The prevalence of vitamin B12 deficiency in the population appears to be increasing. Originally vitamin B12 deficiency was quite a rare condition, mainly associated with anaemia caused by antibodies to intrinsic factor or parietal cells (pernicious anaemia),. The condition is now much more common and can be the result of a wide range on conditions such as those caused by malabsorption due to atrophic gastritis, the use of PPIs, GORD medication, certain drugs, low dietary intake such as occurs in veganism and vegetarianism, intestinal parasites such as Giardia lmblia, Blastocystis hominilis, fish tapeworms, Ascaris lumbricoides, Entomoeba histolytica, roundworms, hookworms, certain religions, such as 7th Day Adventists, Rastafarians, and excessive smoking. More recently vitamin B12 deficiency has been shown to also occur as a result in functional vitamin B2 deficiency as occurs in hypothyroidism and lack of dietary intake of vitamin B2, Iodine, Selenium and/or Molybdenum. As such the condition has become much more common and conservatively may affect up to 20% of the population.
Vitamin B12 deficiency is arguably the most under-diagnosed condition in the community. "In general, doctors are trained to recognize only the blood abnormalities associated with B12 deficiency - macrocytosis. B12 deficiency, however, mimics many other diseases and often physicians fail to confirm B12 deficiency and therefore fail to test for it. The development of vitamin B12 deficiency is a slow and insidious process, which may take several years to manifest itself. During this time there can be progressive loss of vitamin B12 in the cerebrospinal fluid (CSF), which precedes overt deficiency as measured in serum, and without anaemia or macrocytosis.
Vitamin B12 deficiency has been associated with the use of the following drugs: Prilose, Yosprala, Prevacid, Dexilent, Aciphex, Protonix, Nexium, Vimovo, Zegerid, cholestyramine, cymetidine, clofibrate, colchicine, Isotretinoin (Accutane), methotrexate, methyldopa, neomycin, omeprazole, some oral contraceptives, phenobarbital, ranitidine, tetracyclines, valproic acid, anti-epileptic drugs (carbamazipine and others) and zidovudine (AZT).
Deficiency of vitamin B12 in the cerebro-spinal fluid can lead to brain atrophy (shrinkage), subacute combined degeneration of the spinal cord, cerebrovasular disease, dementia, Alzheimer's disease and has been postulated as being causative for Parkinson's disease, and multiple sclerosis.
Vitamin B12 deficiency in the elderly has been associated with a slow and unstable gait, numbness and tingling in the hands and feet, urinary and fetal incontinence, hearing loss and an increased incidence of bone fracture.
Vitamin B12 deficiency in pregnant mothers is associated with an increased incidence of neural tube defects in the young and the development of Autism in the new born.

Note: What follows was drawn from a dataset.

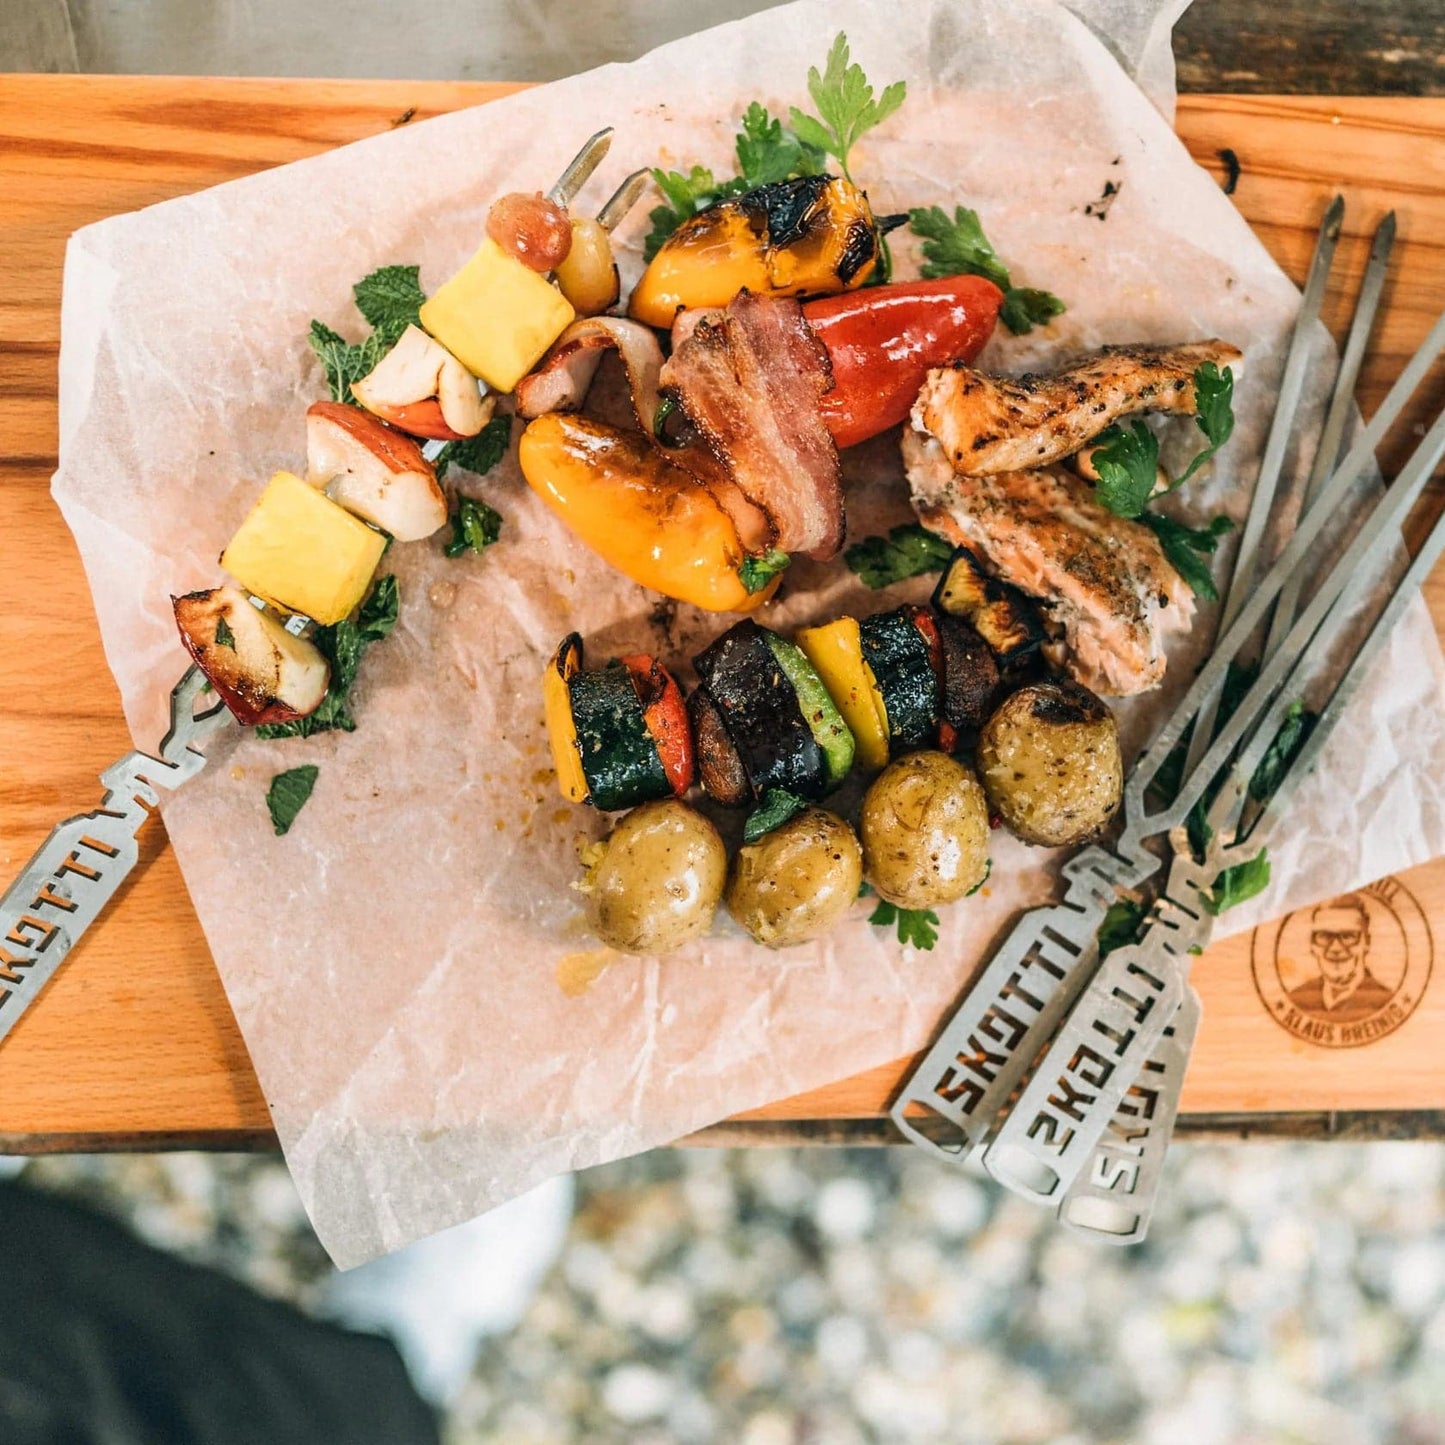 delicious chicken skewers and vegetable skewers made with skotti pikes

Apart from the conditions mentioned above deficiency in either vitamin B12 or folate often leads to hyperhomocystinaemia, which has been associated with MS, AD, dementia, cardiovascular disease, an increased risk of thrombosis, reduced glomerular filtration rate, stroke, ischemic heart disease, mental retardation and seizures, ectopia lentis, secondary glaucoma, optic atrophy, retinal detachment, skeletal abnormalities, osteoporosis, neurological dysfunction, epilepsy, psychiatric symptoms, dementia, Parkinson's disease, neoplasia, cognitive impairment, autism, cretinism, allergy, depression, fatigue, low CoQ10, low creatine, and many other conditions.
Once a person is deficient in vitamin B12, it is almost impossible to overcome this deficient through dietary supplementation, particularly if the underlying cause is not removed/cured. Thus persons who are deficient normally require regular injections of vitamin B12, Recently it has been found that it is possible to obtain vitamin B12 through application to the skin using specialized topical technology described in this site. Vitamin B12 deficiency can be further exacerbated in the presence of MTHFR genetic mutations.
Vitamin B12 deficiency (<250 ρmol/L) is associated with cognitive impairment. Low vitamin B12 levels have also been associated with multiple sclerosis,.
Pregnant women with vitamin B12 levels below 250 pmol/L have twice the incidence of children with neural tube defects than those with higher levels.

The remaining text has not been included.